In the course of doing so, the historians of all the churches learned how questions that seemed to be purely historical could become doctrinally explosive and profoundly divisive. "The assembly in Moscow of ancient manuscripts from various places of Russia" in the seventeeth century might have seemed to an outside observer to be a harmless exercise in antiquarianism and what Orthodoxy called "ecclesiastical philology," but a nineteenth-century historian showed how it had become the occasion for the Russian schism or "Raskol"; the history of the liturgy was an indispensable part of the history of the church.

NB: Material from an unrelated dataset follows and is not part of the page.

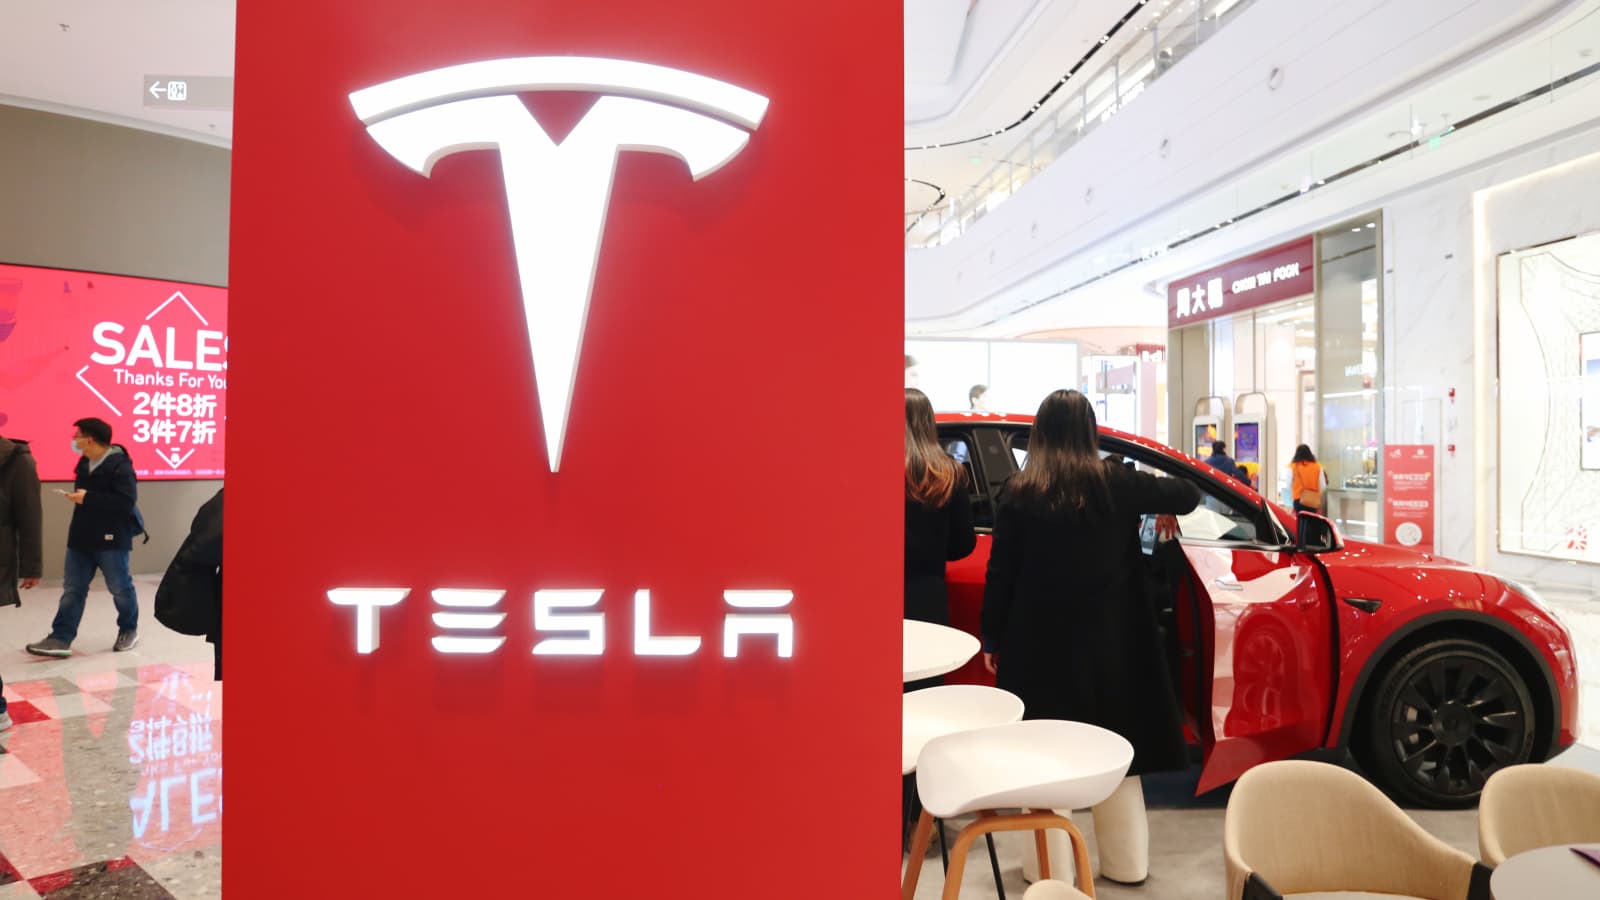 Tesla đang cố gắng dập tắt những tin đồn về nhu cầu thấp ở Trung Quốc sau các đợt giảm giá mới do nhà sản xuất ô tô này đưa ra. Tesla Trung Quốc cho biết sẽ không giảm giá nữa trong năm nay. Ảnh: @AFP.

Even while one Roman Catholic historical theologian was seeking to reject as a slander the charge that the Catholic faith required "an assent to views and interpretations of Scripture which modern science and historical research have utterly discredited" and another was declaring the rejection of the sacrificial interpretation of the Mass by the Protestant Reformers to be a "stubborn denial" of the clear results of honest historical investigation, the debate over the doctrine of papal infallibility was about to involve yet another in researches whose conclusion it was that "to the adherents of the theory of infallibility the history of the ancient church for the first millenium must appear to be an insoluble riddle."

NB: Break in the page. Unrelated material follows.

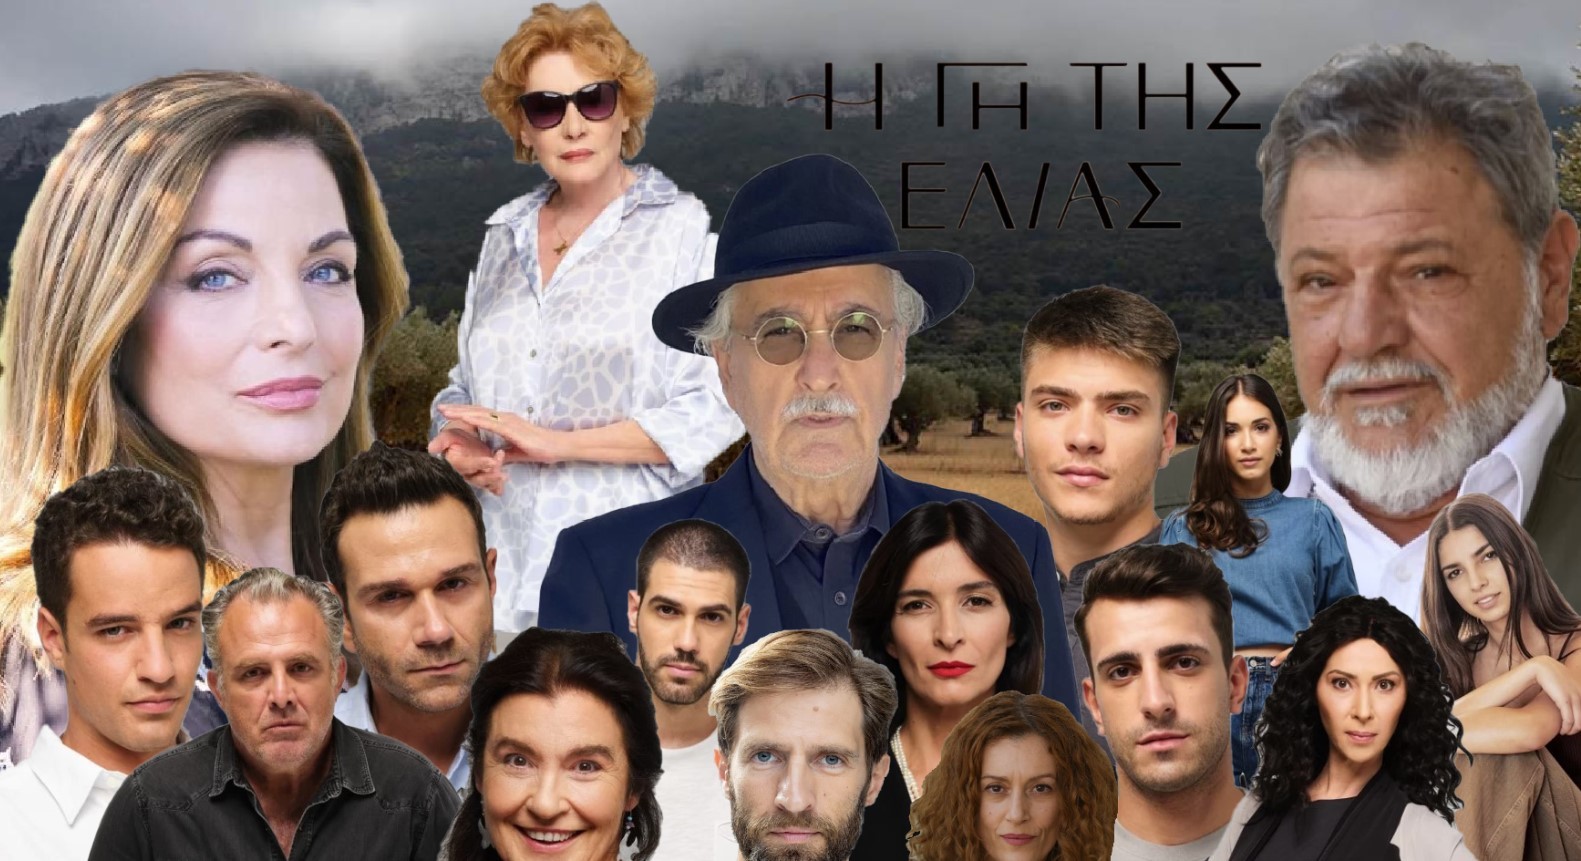 “Η Γη της Ελιάς”: Νυχτοπερπατήματα για τους ηθοποιούς της σειράς!

Such contradictions were taken by Protestants that honest historiography would necessarily clash with the authoritarian teachings of "the Roman church." For their part, Roman Catholics strove to rescue and rehabilitate history from its domination by "Germans and Protestants" and, because Protestants denied both the authority of tradition and the validity of doctrinal development, to insist that "to be deep in history is to cease to be a Protestant." (236-7, additional paragraph breaks added.)

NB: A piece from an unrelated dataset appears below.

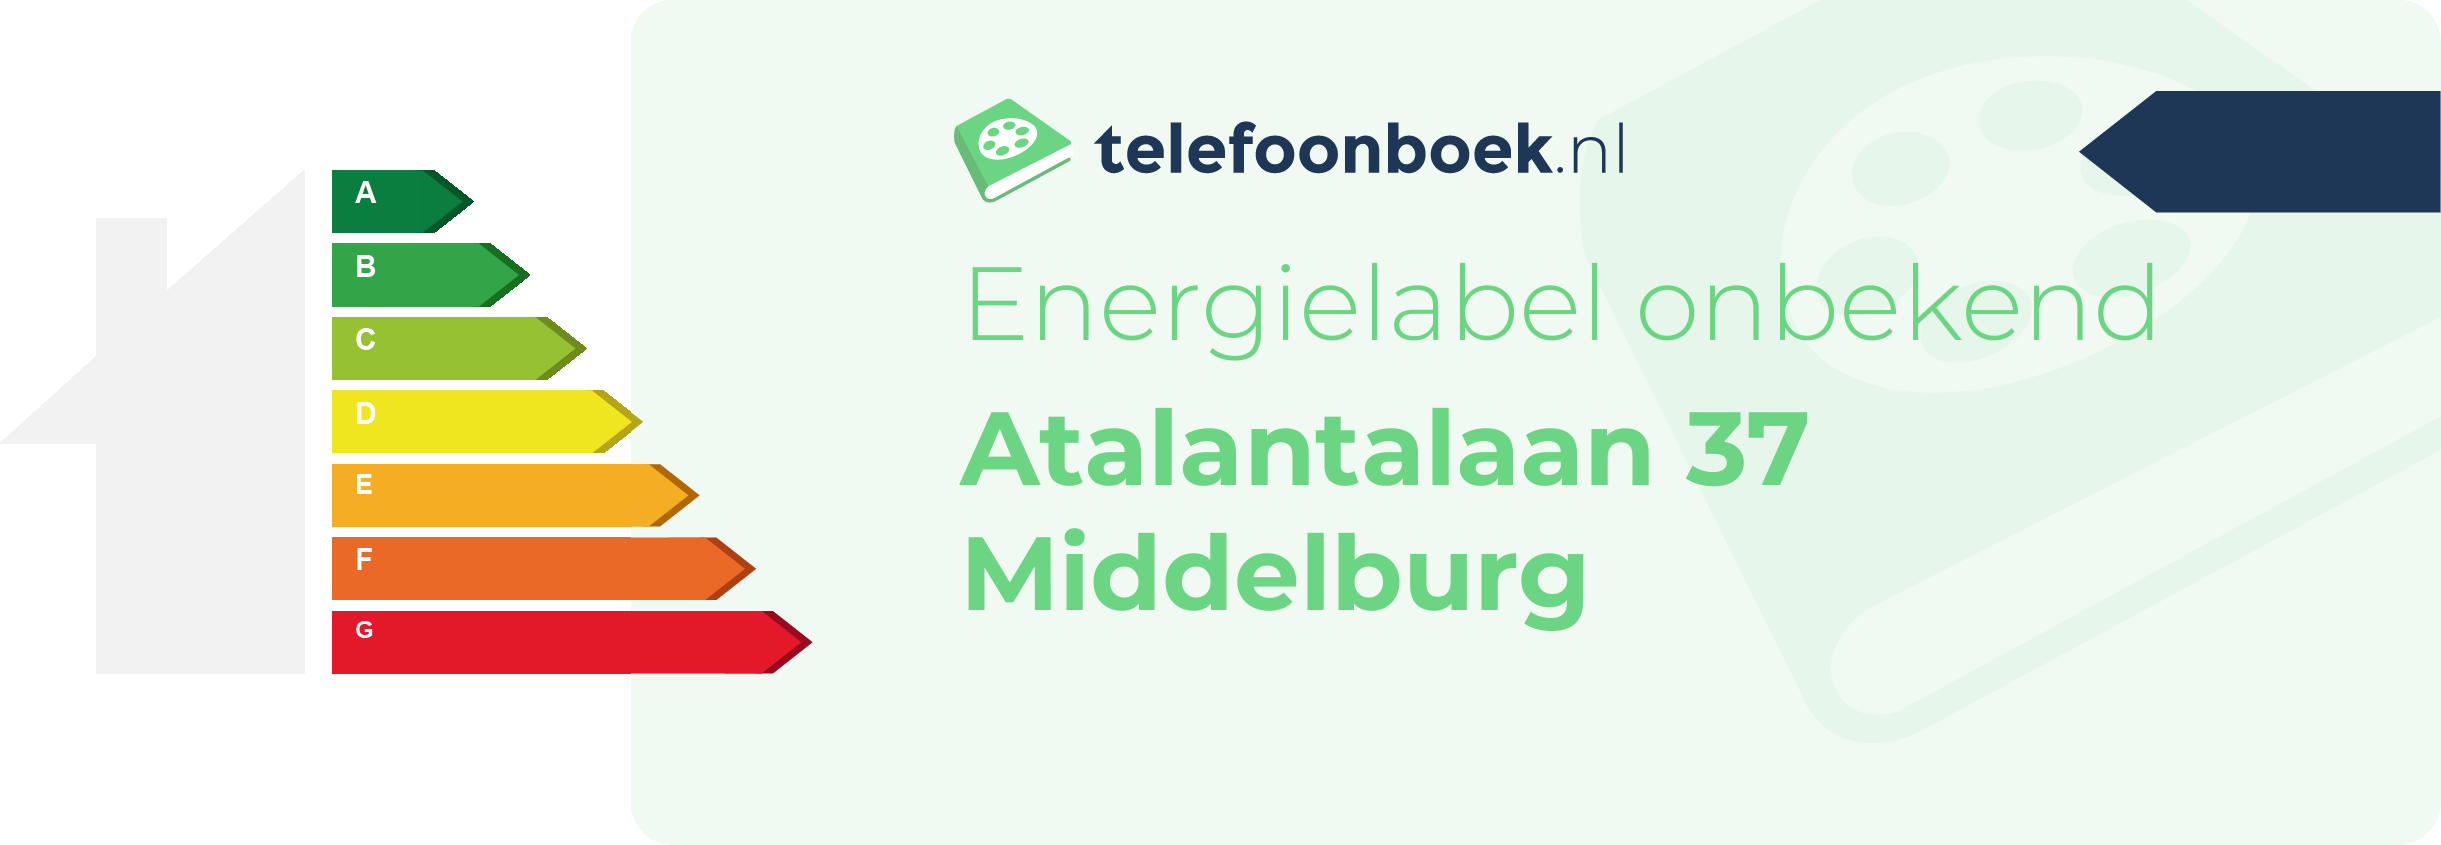 Energielabel Atalantalaan 37 Middelburg

That's just the history of the church itself - the discussion hasn't yet reached the Bible. It's clear that history can be a problem for religion, and I think it's also clear that early Quakers were aware of this:

For example, much of Thomas Holme's exalted language toward Fox has been so severely edited (and literally ripped from the record) that it cannot now be recovered. This occurred when Fox personally tampered with letters now contained in the Swarthmore Manuscripts. He made deletions with broad ink strokes and made corrections indisputably in his own hand. He struck out extravagant phrases of adoration and substituted more moderate ones. In places where whole patches were torn from the record (probably at a later date by Margaret Fell), the jagged edges still revealing the broad ink crossings out. (New Light, 113)

When the founders were clearly aware of the functions of history, and take steps to manage it (the writing and editing of Fox's Journal among those steps), it can be especially dangerous to raise the cry of "back to the Founders". I'm enjoying reading Fox and exploring early Quakerism, but his valuable insights require much context.

I don't think history is incompatible with Quakerism or Christianity in the way, I'd say, for example, economics is, but it's definitely a complex relationship, one I hope to explore much further. I expect the Light will prove a necessary guide, not just a subject to research.